[TxMt] Compare text files based on words not lines

Christoph Prion prion67 at googlemail.com
Sat Jan 20 11:14:26 UTC 2007


Hi all

my apologies for not replying sooner than this. I have been trying to
find out what it was that led to the strange problems and eych time I
thought I knew what it was something else turned up (see under 3a
below). Maybe I need to tell you what it is that I am trying to
accomplish and start over.

The problem I am trying to solve is that in my field of science
(molecular biology) MS Word is the de facto standard for exchanging
manuscripts among collaborators and also submission of manuscripts to
journals.

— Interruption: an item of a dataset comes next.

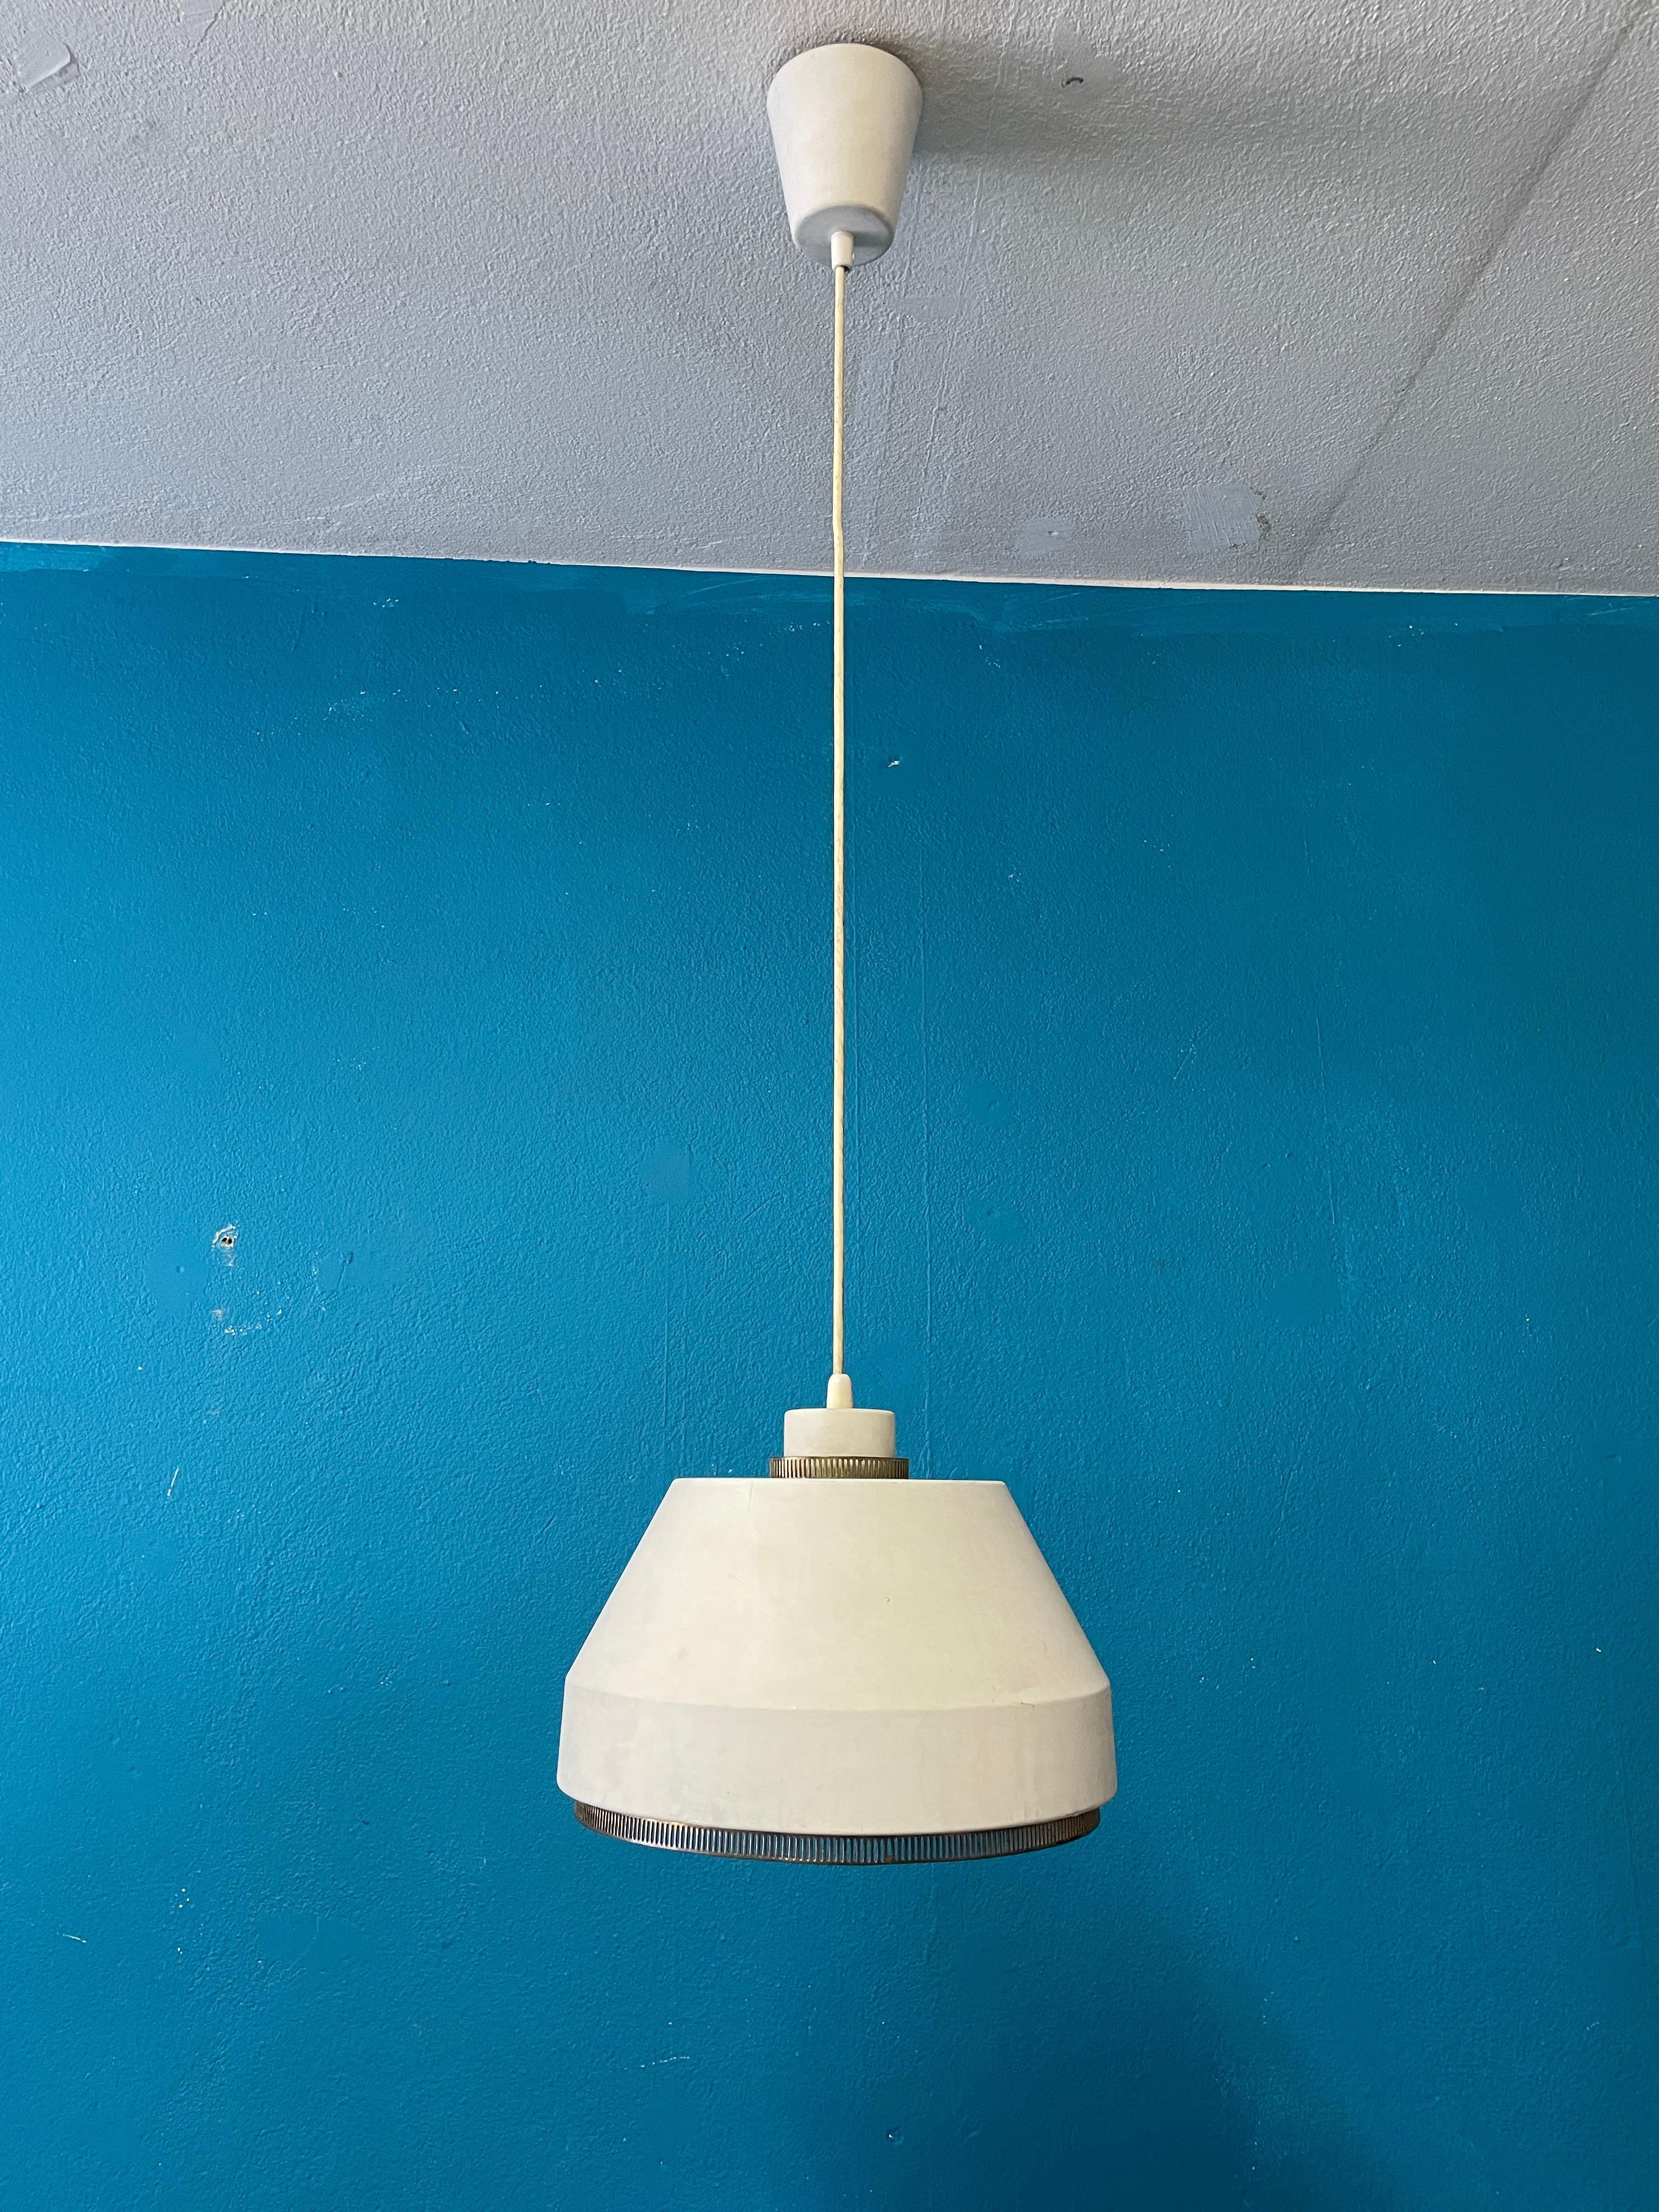 Vintage Artek’s AMA 500 pendant, designed by Aino Aalto, is a stunning classic from 1950s. Aino Aalto designed the AMA 500 pendant originally for Villa Mairea in 1941, a building she designed in collaboration with her husband Alvar Aalto.

This lamp

I can't for the life of me tell why this is because frankly
you couldn't agree on something less suitable for the job. <Argh>
The things that are particularly annoying are the track changes
feature because it does one thing well (point out small changes in an
otherwise constant environment). This encourages people to muse over
the choice of the right adjective when in reality the architecture of
the paper should be discussed and altered. On top of this it makes
Word really slow and unstable especially when Endnote is used in
conjunction with it.
I am sick of this because it is not what I need most - a working
environment which lets me concentrate on finding the best way to
present my research not struggling with the formatting.
Finding the spots that have been altered by a collaborator, however,
is a very real necessity it just should not get in the way.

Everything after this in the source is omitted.